The Staff of the Void sat upon a waist-high pillar of light atop a wide dais that lay at the focus of the great chamber. Curved, shallow steps led up to it and as she reached the uppermost of them, the sound of beating wings made her whirl, sword at the ready. Then she relaxed a little on seeing that it was Orgraaleshenoth who was carrying the bloody form of Rakrotherangisal in his arms.
The Daemonkind staggered when he landed near Keren, and fell to his knees as he made to place his companion on the steps. Keren rushed over and immediately saw the ghastly nature of Rakratherangisal's wounds, gashes welling with black blood, gouges exposing bones and organs.
"My death is upon me, Prince Orgraaleshenoth," the younger Daemonkind said. "Have we triumphed or failed?"

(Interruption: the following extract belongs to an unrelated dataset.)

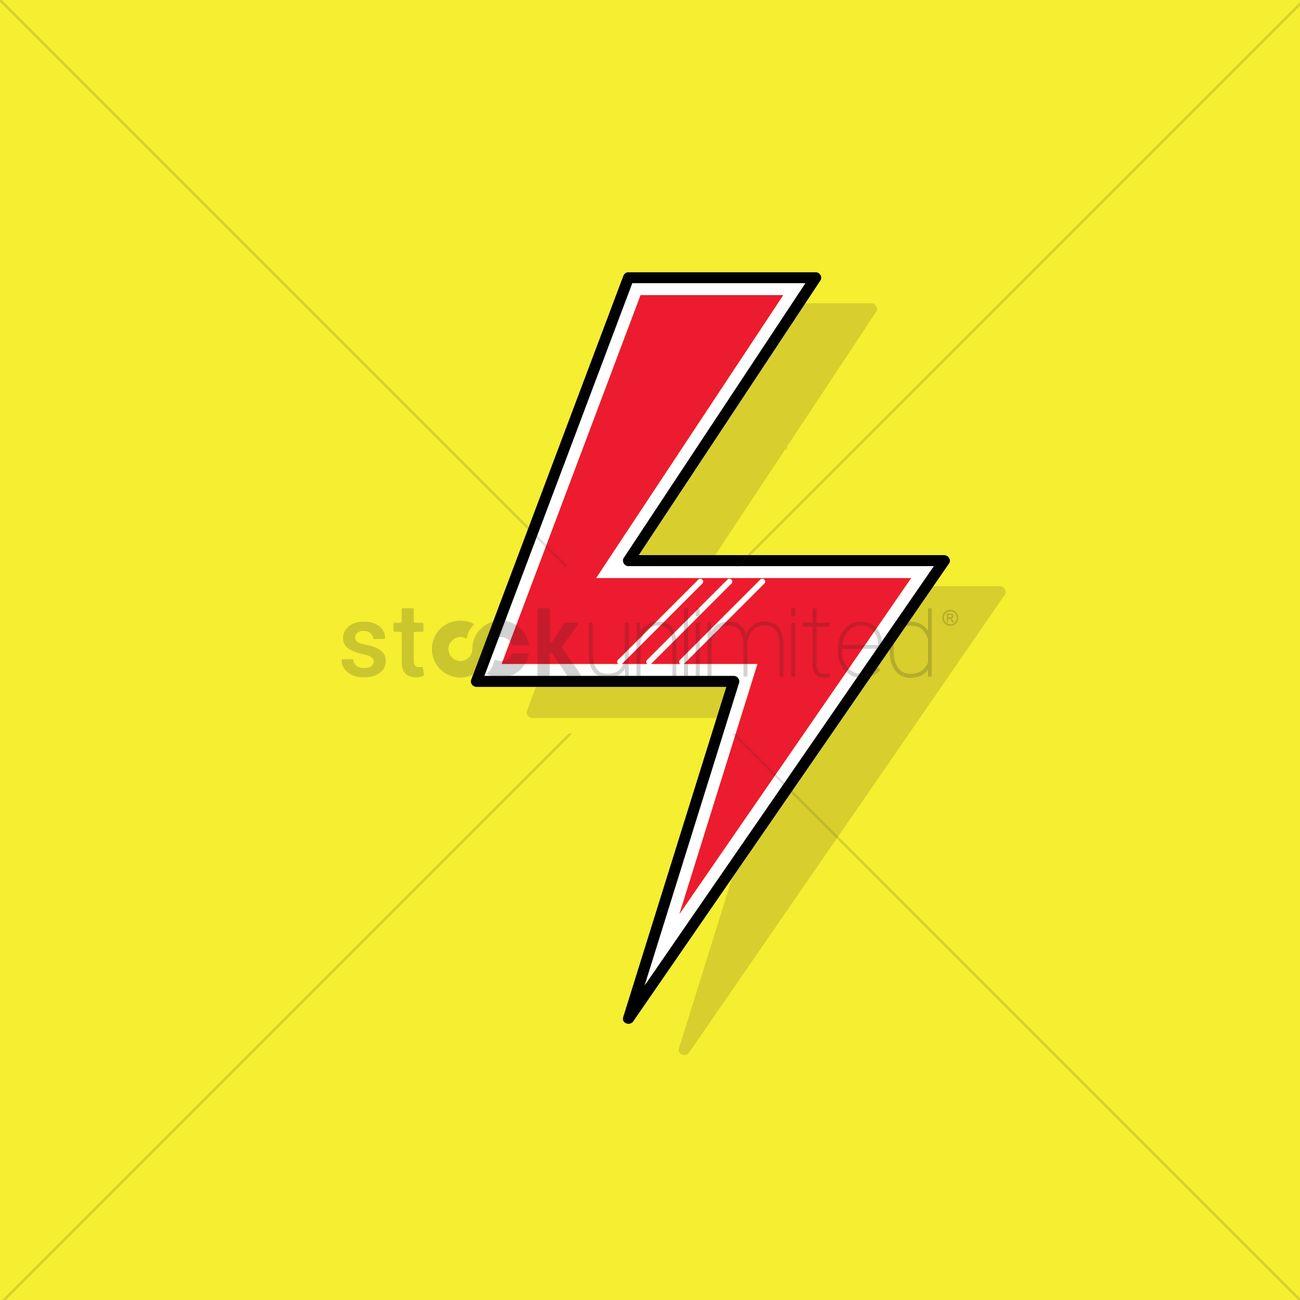 High voltage symbol vector image 1355198 stockunlimited high voltage symbol vector graphic buycottarizona

"You have done more for the Israganthir this day, brother," Orgraaleshenoth said, "than centuries of service to the Grey Lord." He turned to Keren. "Get me the Staff - quickly!"
She jumped to her feet, dashed up to the white pillar and lifted the Staff of the Void. Warm to the touch, it looked to be made of translucent marble shot through with blue veins, and was heeled with silver and gold bands while its head was a simple orb of some dull black stone. Swiftly she returned to Orgraaleshenoth with the Staff held out… but it was too late.
Orgraaleshenoth's great hulking form was still as he bowed his head. Keren then began to notice that he too was badly wounded but could say nothing.
"Enemies draw near," the Daemonkind said. "We cannot stay here.”
Even as he spoke, she heard sounds of battle coming from the far end of the hall.